In any litigation context, it’s crucial to start and maintain a suitable “litigation hold” to prevent destruction of potentially-relevant evidence. This includes stopping the following, at a minimum:

  • the destruction of potentially relevant hard-copy documents and physical evidence;
  • the deletion of potentially-relevant emails;
  • the overwriting of backup tapes containing potentially-relevant information (although at this writing the law has been evolving on the question whether this means all backup tapes, or whether instead it excludes tapes and other media that are not normally accessible to users and are used exclusively for emergency data recovery).

Failure to do a proper litigation hold can result in severe penalties; see the stories below.

When to put a litigation hold in place

A litigation hold should be put into place:

  • whenever you’ve been sued;
  • any time there’s a reasonable likelihood that you are going to be sued — for example, if you’ve received a demand letter;
  • especially if you’re contemplating suing someone else.

Stories

Zubulake

The canonical horror story of litigation holds gone awry was the gender-discrimination case of equities trader Laura Zubulake ((Laura Zubulake Web site)) against her former employer, UBS Warburg LLC.

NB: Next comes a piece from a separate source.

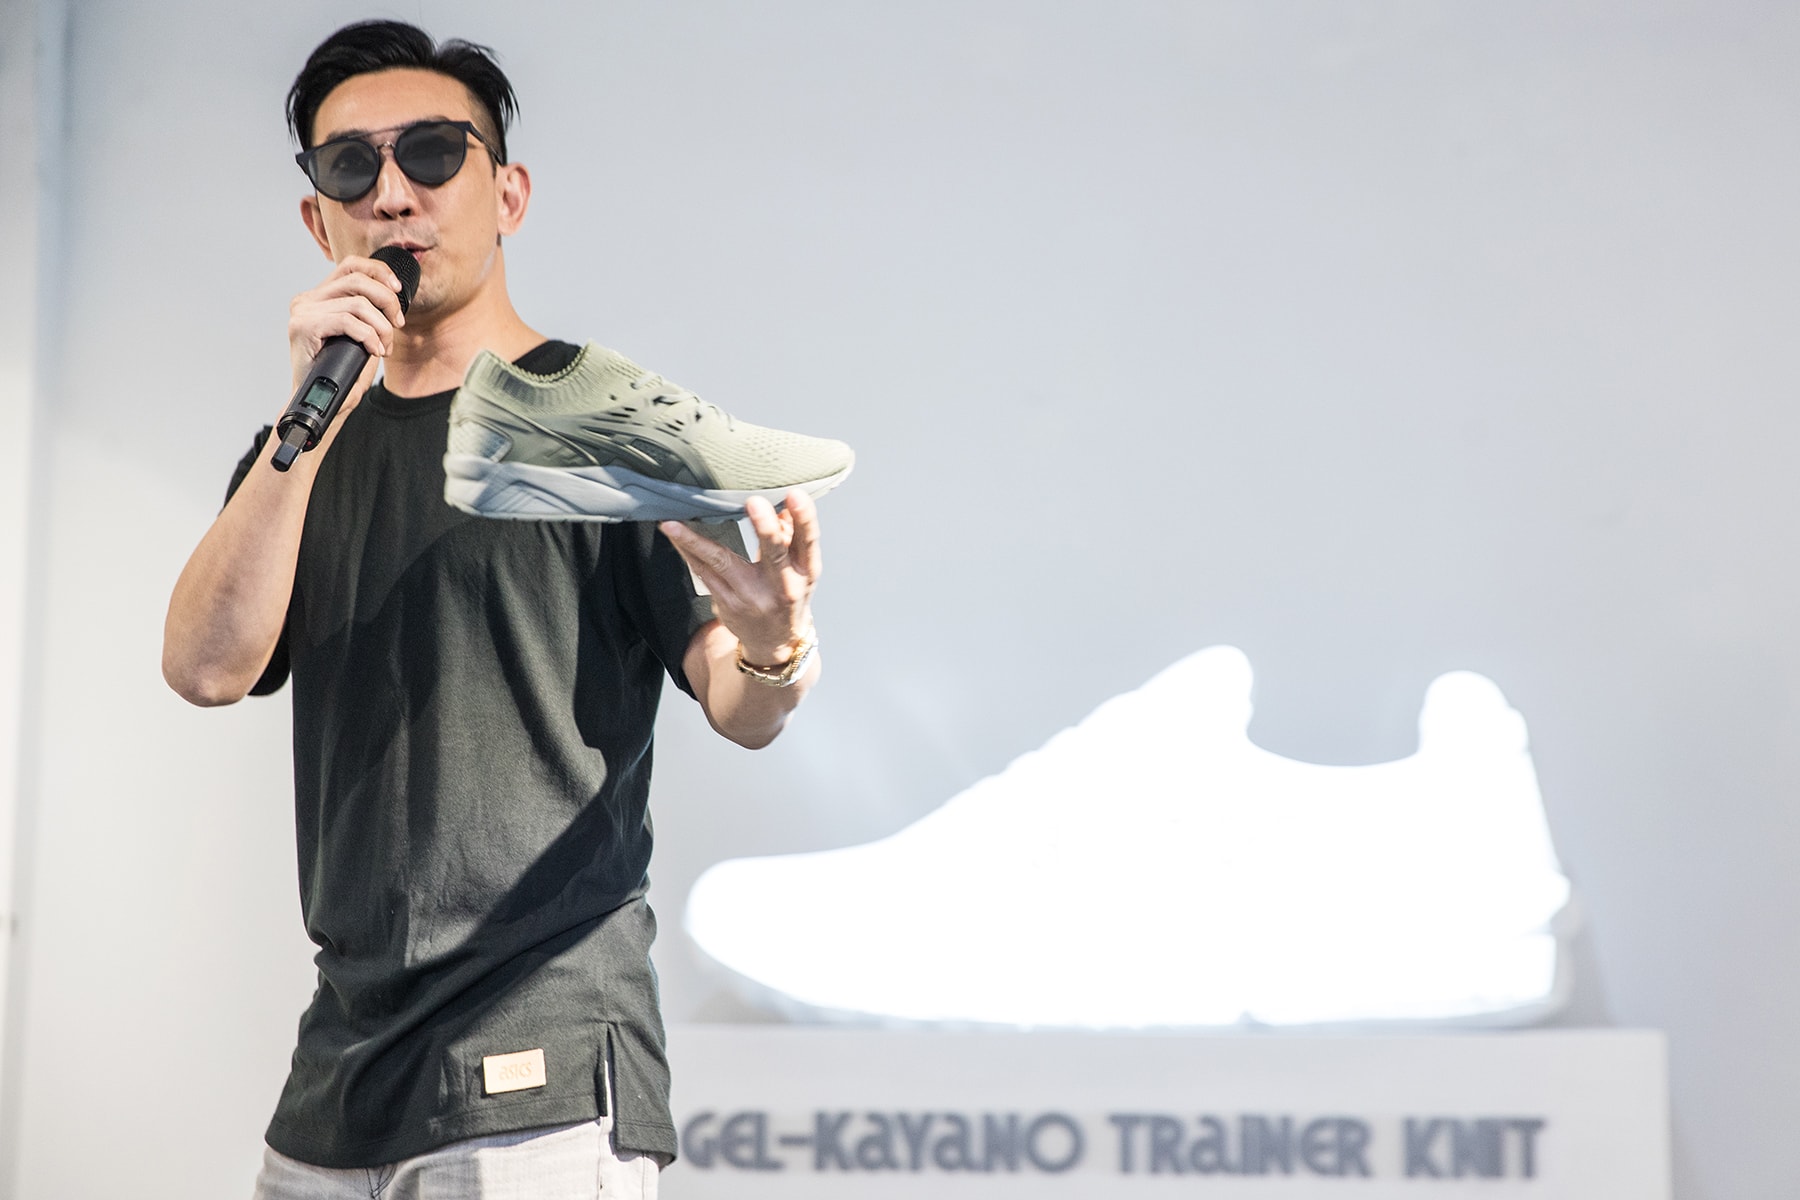 ASICS Tiger GEL-Kayano Trainer Knit Shanghai Launch Recap

During the pre-trial discovery phase, according to the judge, certain UBS personnel destroyed emails relevant to the case, even though they had been instructed not to do so. Moreover, said the judge, UBS’s lawyers didn’t do a reasonable job of proactively managing the litigation hold. As a result, the judge said, Zubulake was prejudiced in her ability to make her case to the jury. The judge allowed Zubulake’s lawyers to tell the jury about the destruction of emails. The judge also instructed the jurors that they were permitted to infer that the missing emails would have been damaging to UBS if they did not feel UBS had a plausible excuse for the email destruction. (Zubulake v. UBS Warburg LLC, 229 F.R.D. 422 (S.D.N.Y. 2004) (Zubulake V).)

The jury awarded Zubulake USD $29.3 million, including $20.2 million in punitive damages. (UBS Must Pay Ex-Saleswoman $29.1 Mln in Sex Bias Case, Bloomberg, Apr. 6, 2005.)

Further reading

What is a “litigation hold” and what does it mean for your business, by Jeff Neuberger (of Thelen Reid), Jun. 1, 2007 (accessed Jul. 22, 2008).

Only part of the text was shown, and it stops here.